Challenges we ran into

  • Search algorithm: We had to figure out how to return papers that were truly relevant to a user’s keywords, not just papers with exact word matches. This led us to combine keyword search with semantic similarity.
  • Scoring methodology: Different conferences use different review scales and decision formats, so we needed a way to standardize scores across venues. We built a normalized Veros Score that combines ratings, confidence, consensus, acceptance status, and review volume.
  • Website performance optimization: With thousands of papers in the database, generating search results and paper pages quickly became a challenge. We used background processing, stored outputs, and database-backed retrieval to avoid recomputing everything on demand.
  • Hardware limitations: Running strong models locally was difficult because paper summarization and review analysis require capable models and large context windows. We had to balance model quality, speed, and available hardware.
  • Model capabilities and cost: We needed a model that could accurately summarize papers, identify meaningful reviewer feedback, and stay affordable to run repeatedly. Prompt design and model choice became important parts of the system.
  • Paper similarity: Related papers often do not share the same keywords, so simple text matching was not enough. We used embeddings and vector search to find papers that are conceptually similar.

Accomplishments that we're proud of

We’re proud of building a product that feels approachable despite working with dense academic data. Veros presents papers, review summaries, reviewer feedback, and ranking signals in a clean interface that is fast, responsive, and easy to move through. Instead of overwhelming users with raw review data, the site helps them quickly understand why a paper may be worth reading.

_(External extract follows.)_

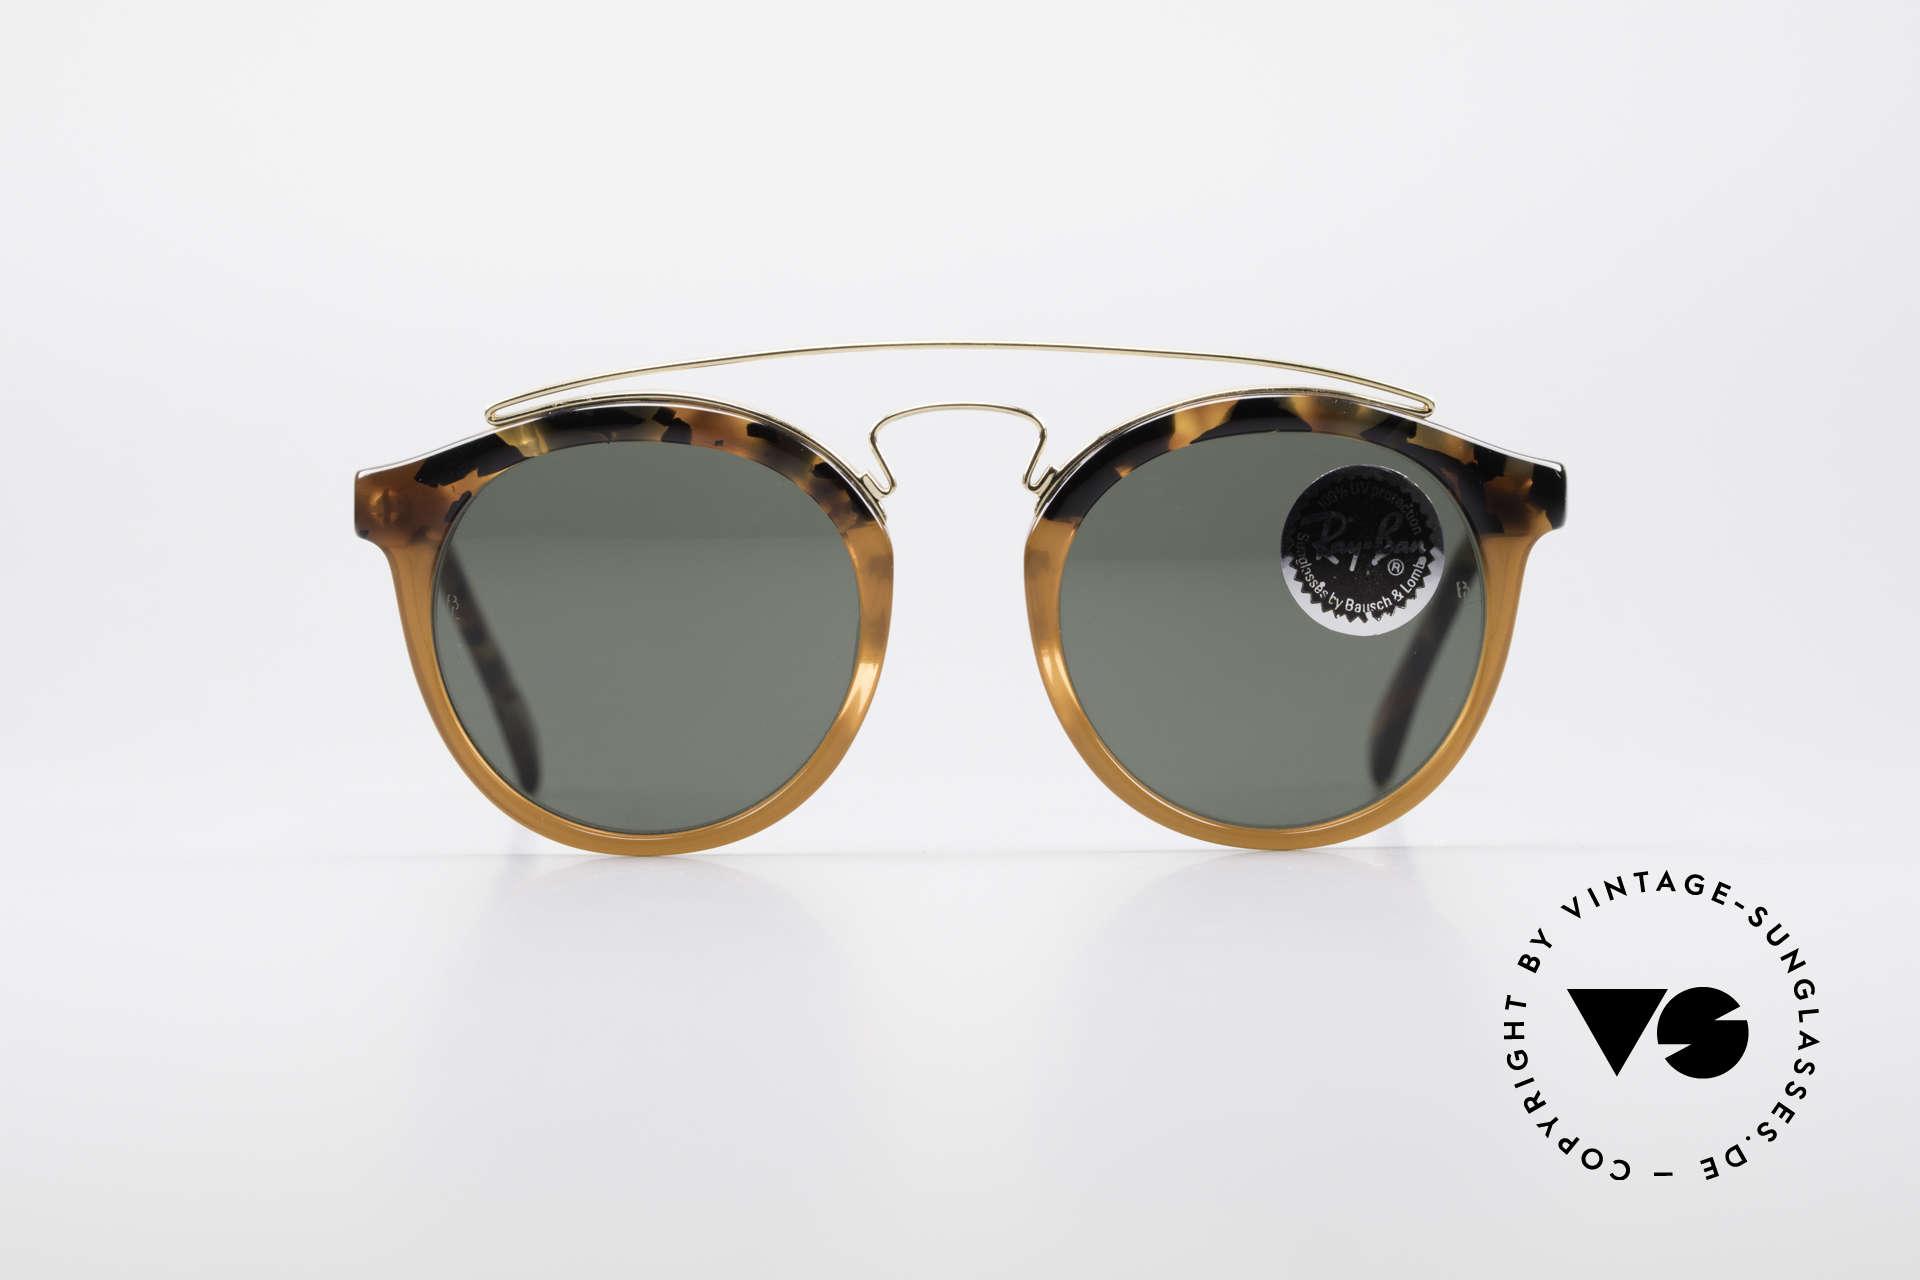 9cf1a94adde Sunglasses Ray Ban Gatsby Style 4 B L Bausch Lomb USA
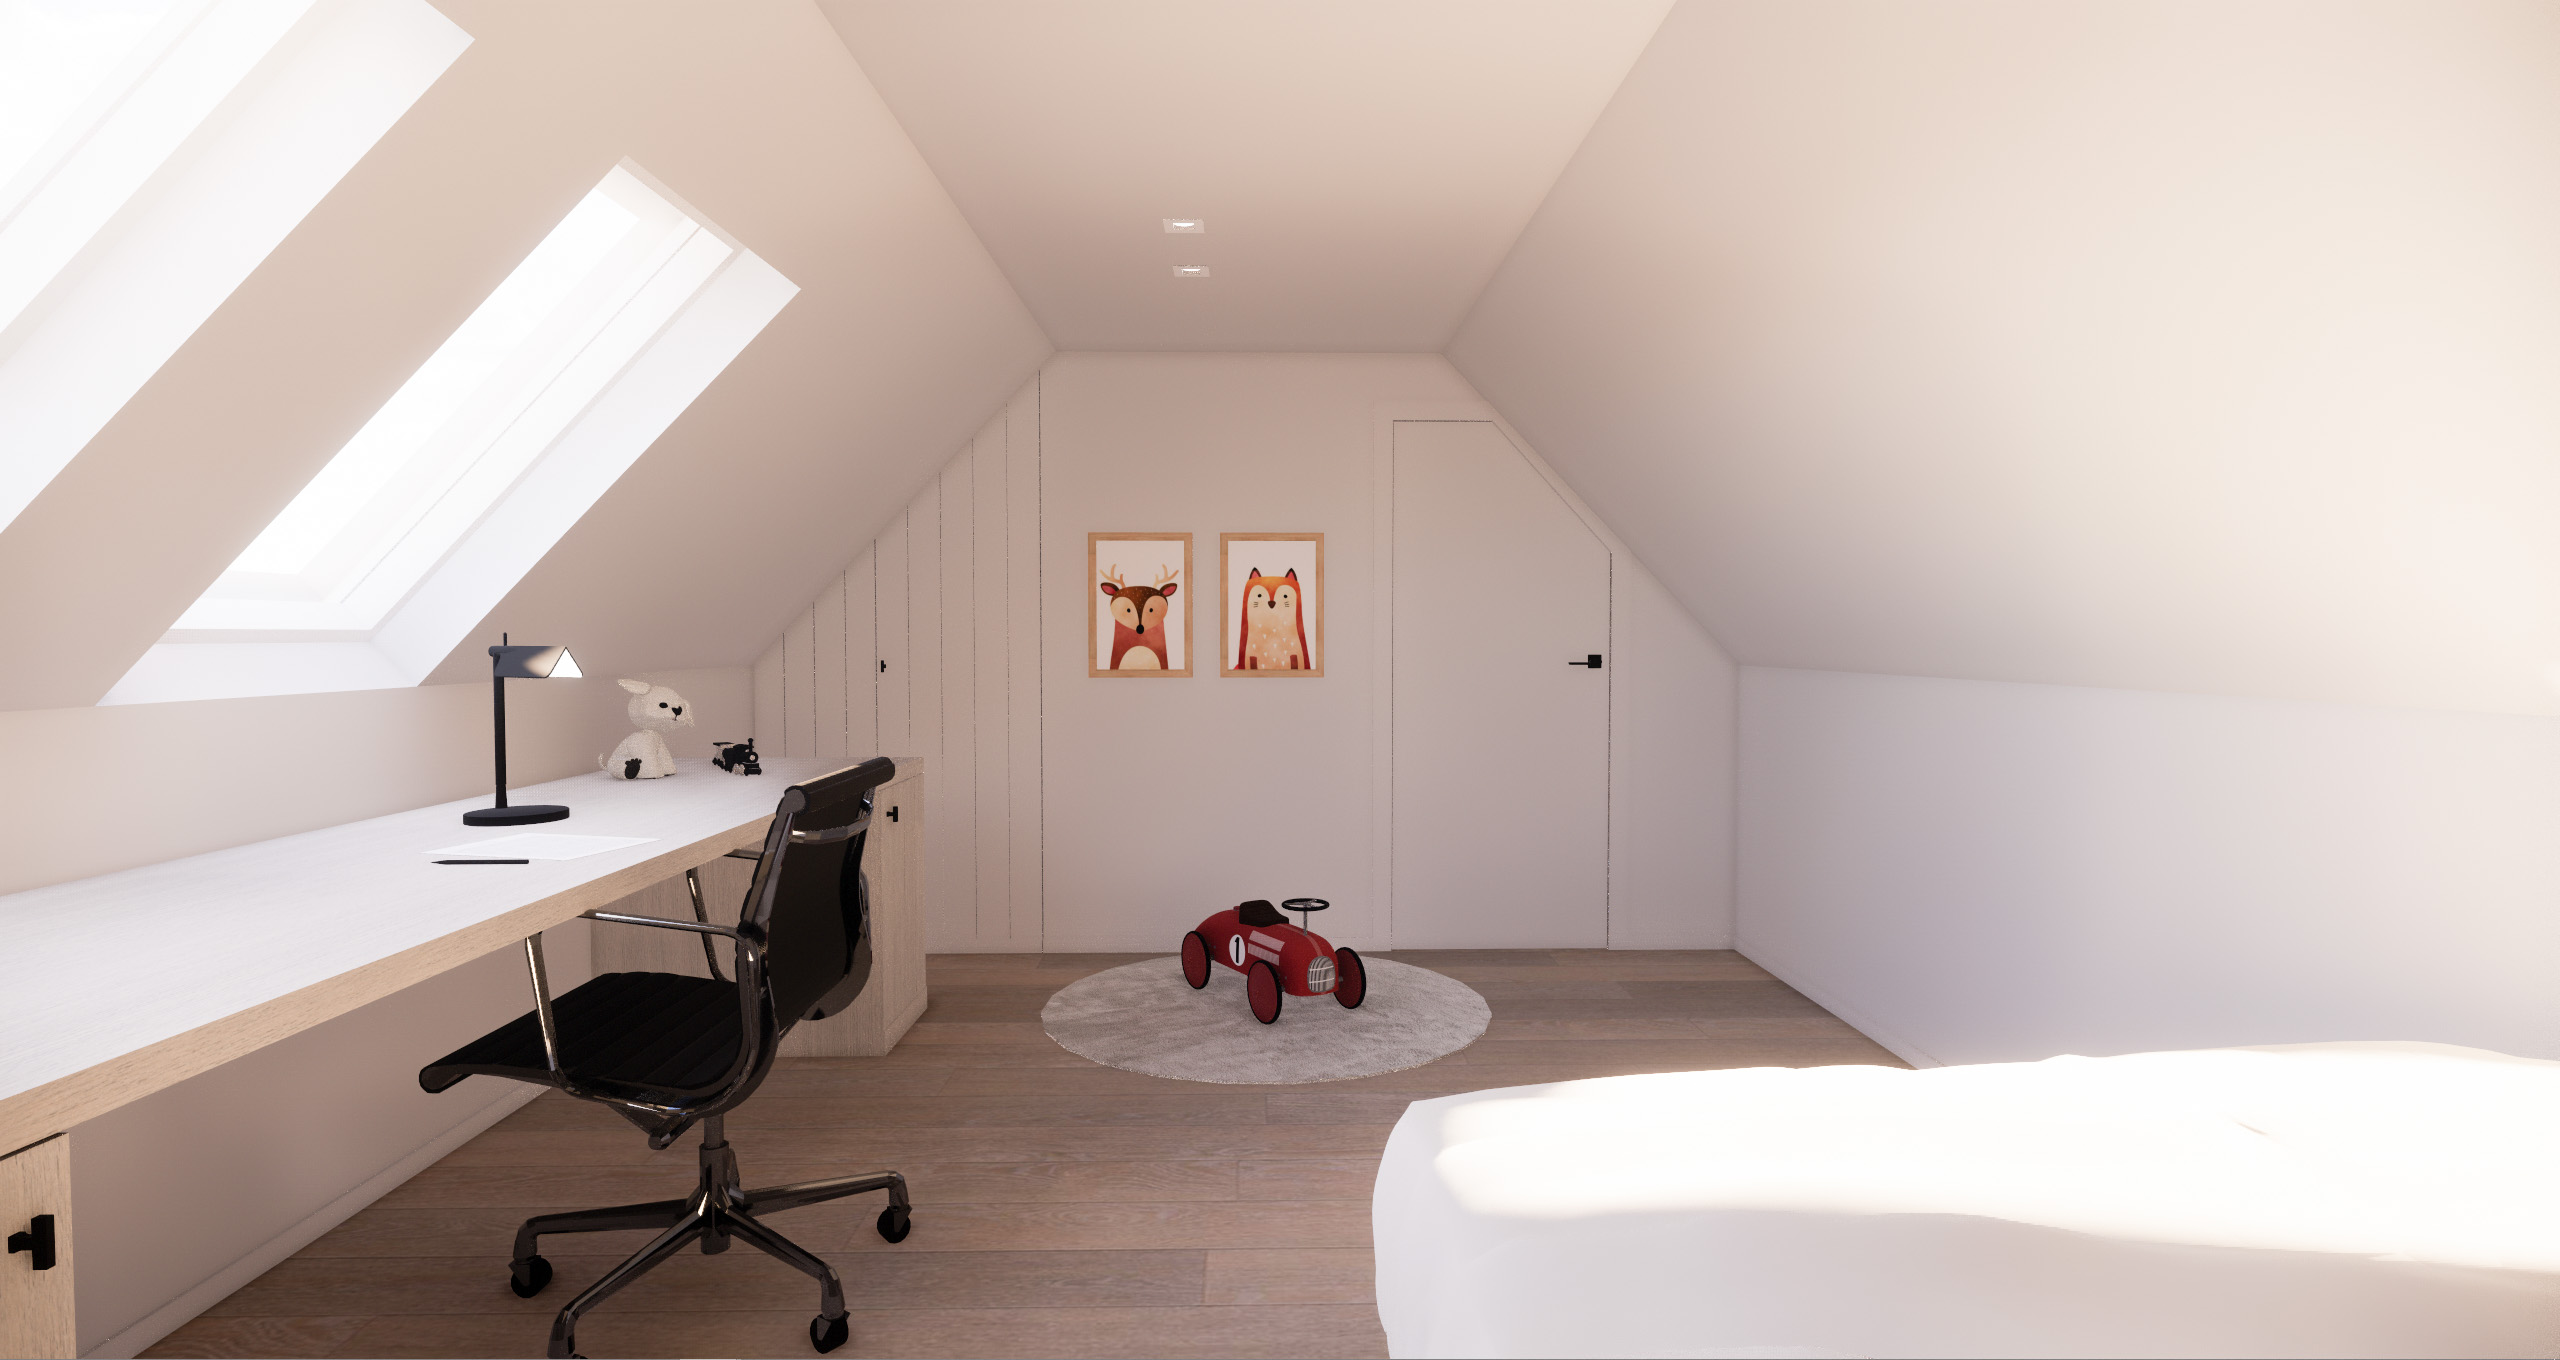 Kinderkamer / Chambre d'enfant Oudenaarde

We’re also proud of the ranking methodology behind the product. Review data varies widely across conferences, so we built a transparent scoring system that normalizes those differences and combines multiple signals, including reviewer ratings, confidence, consensus, acceptance status, and review volume. The result is a score that is easier to interpret while still being grounded in the underlying peer-review process.

What we learned

We learned how challenging it can be to work with messy real-world data, especially when review formats vary across papers and conferences. Parsing OpenReview data forced us to handle inconsistent fields, missing values, and different scoring systems.

We also learned a lot about performance optimization. As our dataset grew, we had to think carefully about database queries, background processing, caching/stored outputs, and how to keep the website responsive while working with thousands of papers.

On the frontend, we learned how to turn dense academic review data into a clean user experience with readable summaries, intuitive navigation, and clear visualizations. We also gained experience with new frameworks and tools across the stack, including Next.js, FastAPI, PostgreSQL, Redis, Celery, and vector search.

What's next for Veros

Next, we want to expand Veros beyond its current dataset to cover a wider range of conferences, fields, and research topics. A broader corpus would make the platform more useful for researchers exploring unfamiliar areas or comparing work across domains.

We also hope to grow Veros into a centralized space where users can contribute their own perspectives on papers they have read, discuss emerging ideas, and surface useful context that may not appear in formal reviews alone.

Finally, we plan to continue refining our scoring methodology. As we add more venues and review formats, we want to make the Veros Score as fair, transparent, and unbiased as possible while preserving its grounding in real peer-review signals.